Tourism’s central role in creating new jobs across Scotland underlined in Deloitte report

A report commissioned by VisitBritain has found that since 2010 tourism has been the fastest growing sector in the UK in employment terms, responsible for one-third of the net increase in UK jobs between 2010 and 2012. Recent employment growth in the sector has been ‘stellar’ over this period says the report – more than four times the rate of manufacturing.

The report forecasts that Scotland’s tourism economy will be worth around £11.6 billion this year (2013), equivalent to 10.3% of the Scotland’s GDP. It supports over 292,000 jobs, which is 10.9% of all Scotland’s jobs. The sector is predicted to grow 53.4%in real terms through to 2025 – much faster than sectors such as manufacturing, construction and retail.

Scotland could have a tourism industry worth over £23.1 billion by 2025 – 11.5% of Scotland’s GDP and supporting almost 350,000 jobs, which is 12.6% of the total Scotland number. Those jobs would be distributed right across Scotland, for while urban areas such as Glasgow or Edinburgh have the highest number of jobs in tourism, the relative level of tourism-related jobs tends to be higher in our rural areas. During this period of job creation, productivity in the tourism sector is also expected to increase by 2% per annum.

Tourism’s impact is amplified through the economy, so benefits are much wider than just the direct spending of tourists. Deloitte estimates the tourism GVA multiplier to be 2.2, meaning that for every £1000 generated in direct tourism GVA there is a further £1200 that is secured elsewhere in the economy through the supply chain.¹

UK Inbound tourism will continue to be the fastest growing tourism sector, with spend by international visitors forecast to grow by over 6% a year. The value of inbound tourism is forecast to grow from around over £21bn in 2013 to £57bn by 2025, with the UK seeing an international tourism balance of payments surplus within a decade – almost forty years since the UK last reported a surplus.

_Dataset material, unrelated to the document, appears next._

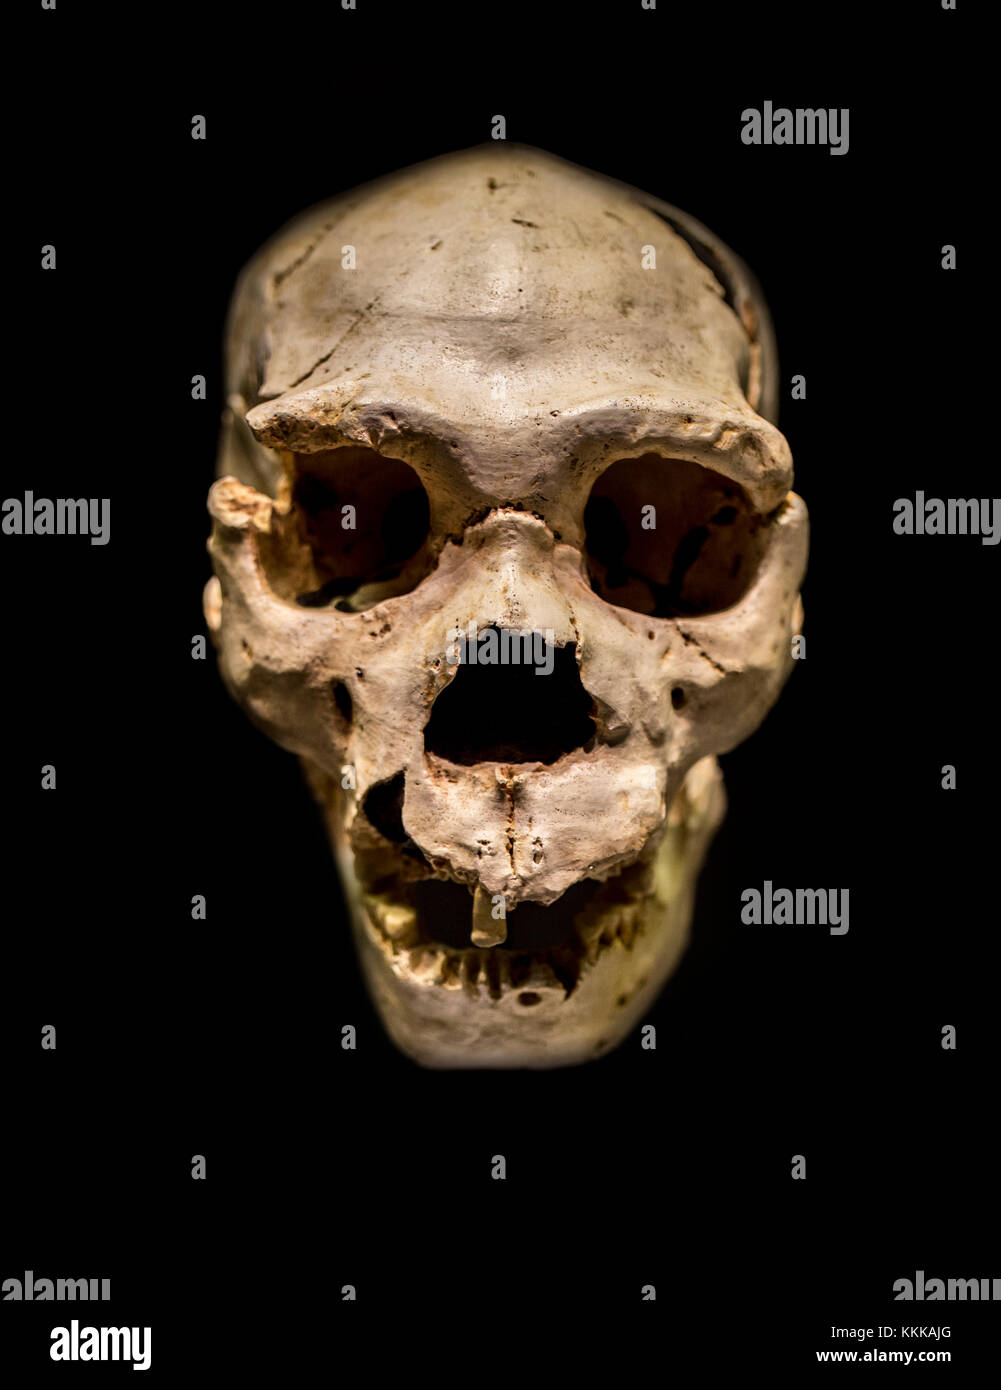 Miguelon, Spitzname für die vollständigsten Schädel eines Homo heidelbergensis überhaupt gefunden. Bei Atapuerta Sima de los Huesos, Burgos, Spanien gefunden Stockfoto
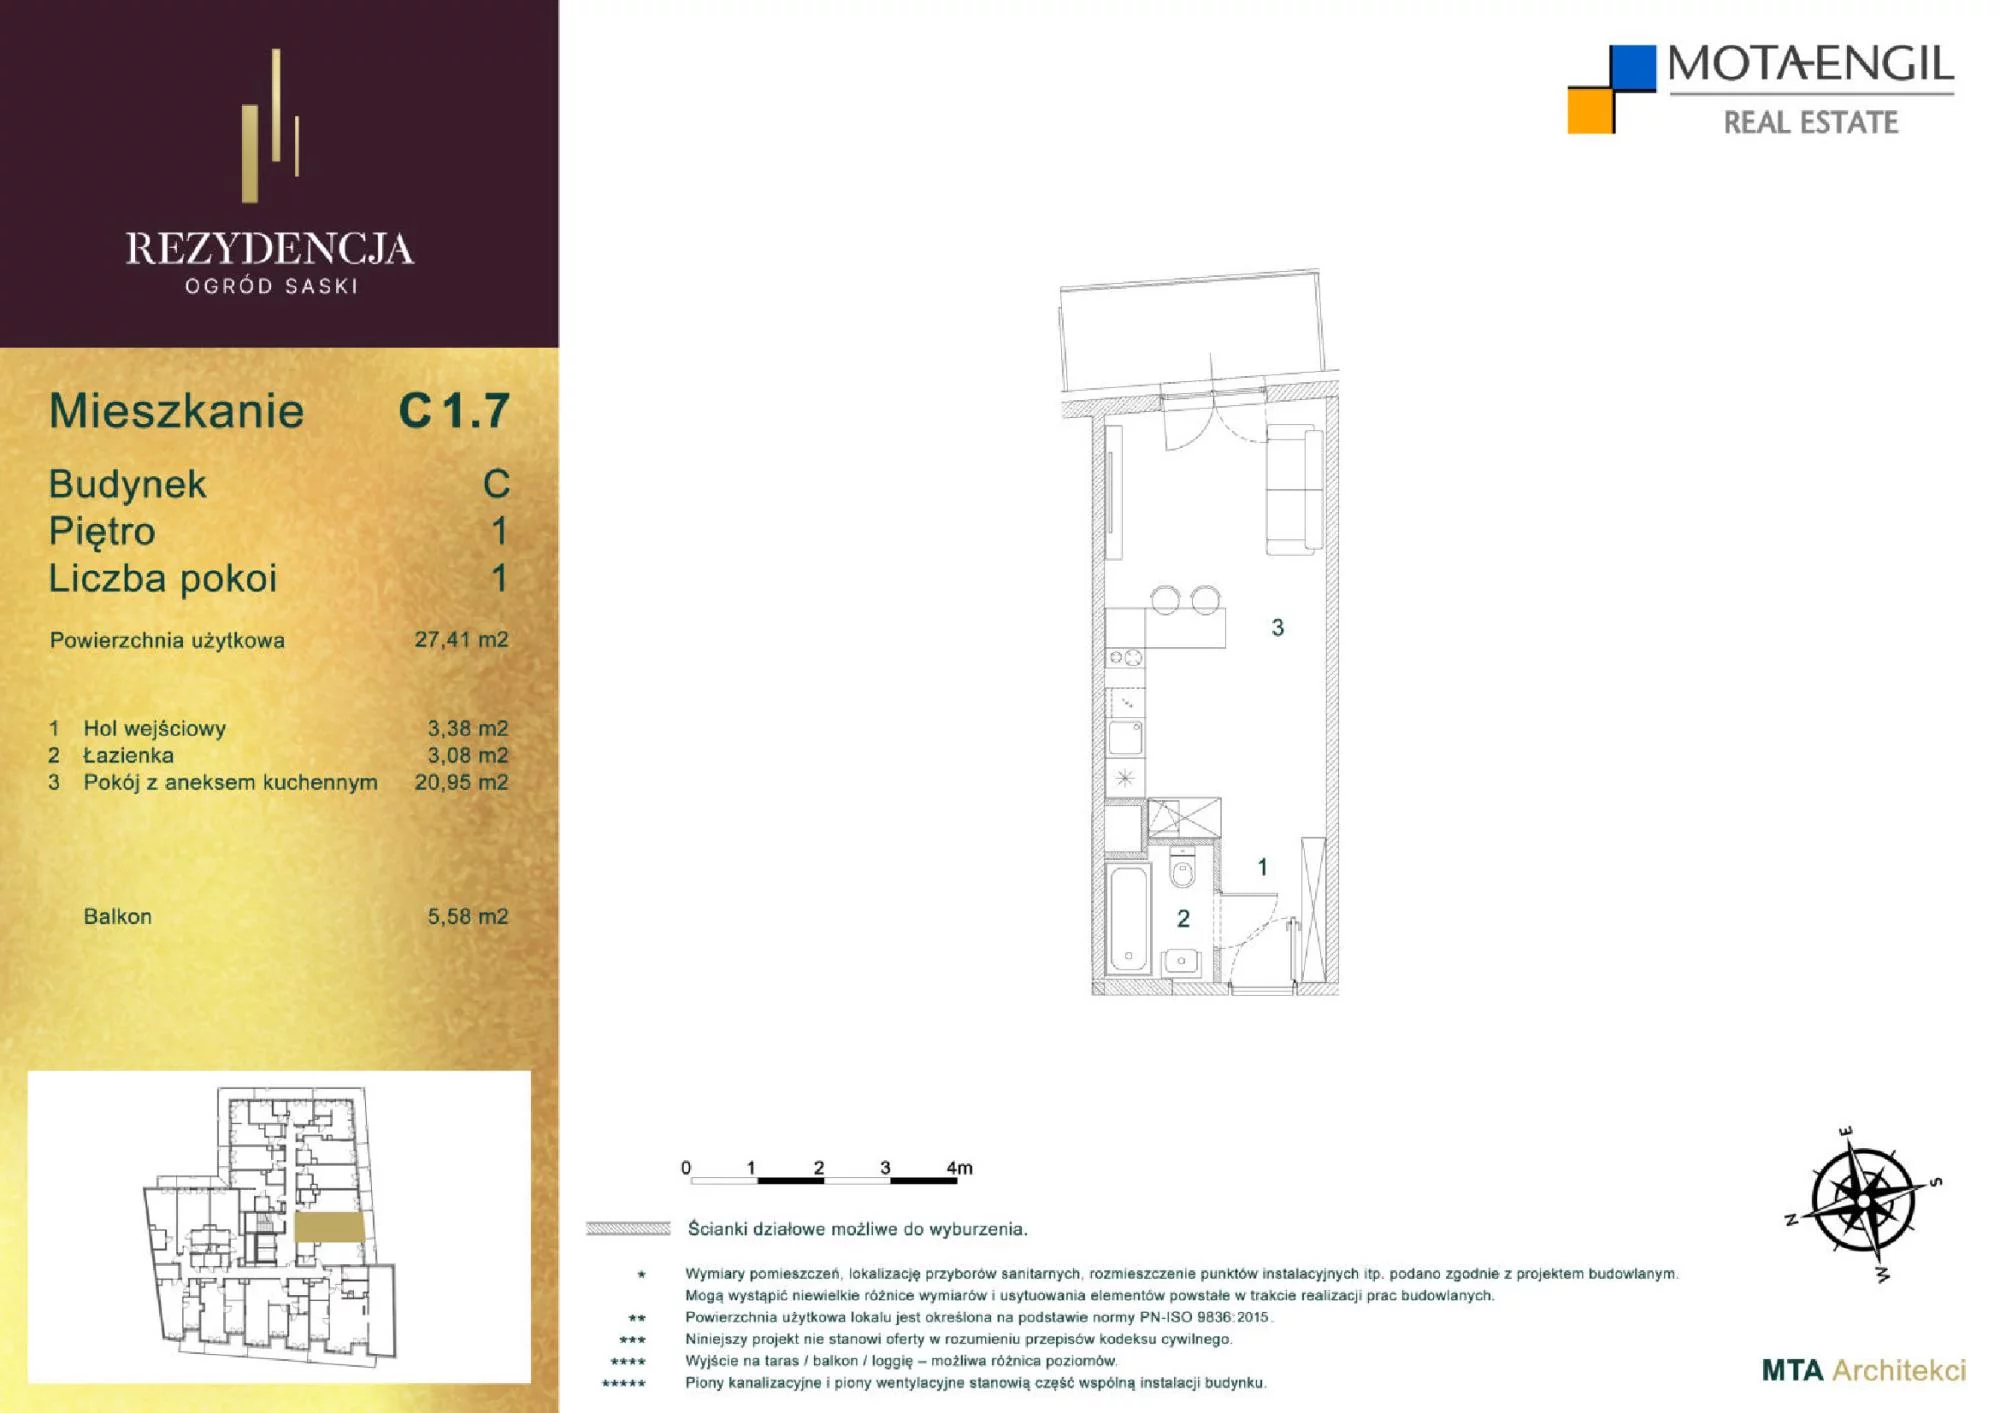 Mieszkanie 27,41 m², piętro 1, oferta nr C1.7, Rezydencja Ogród Saski, Lublin, Wieniawa, ul. Jasna 7, 7A

If Britain were to become as successful as its European competitors in the new emerging growth markets for tourism (such as China) it could increase the value of inbound tourism by an additional £12bn by 2025 – an increase to £69bn or over 20% on the base forecast.

Scottish inbound tourism is set to grow from £2.0bn in 2013 to £5.2bn by 2025.

Mike Cantlay, Chairman of VisitScotland said:

“Tourism is a cornerstone of Scottish industry and is vitally important to the on-going stabilisation of the economy.

“I’m delighted to see the importance being placed on tourism, highlighting the fundamental role it has in job creation, economy growth and ultimately putting Scotland firmly on the front foot after a difficult economic period.

“Our popularity with our international markets comes as no surprise. Our award-winning marketing teams do a marvellous job of communicating exactly what we have to offer visitors. Themed years have helped ensure that our many assets are showcased and we have a tremendous amount to look forward to next year and beyond. In 2014, the Ryder Cup in Gleneagles, the Commonwealth Games in Glasgow, Homecoming Scotland and the recently announced MTV Europe Music Awards, also in Glasgow, will allow us to market our beautiful country on a global stage like never before.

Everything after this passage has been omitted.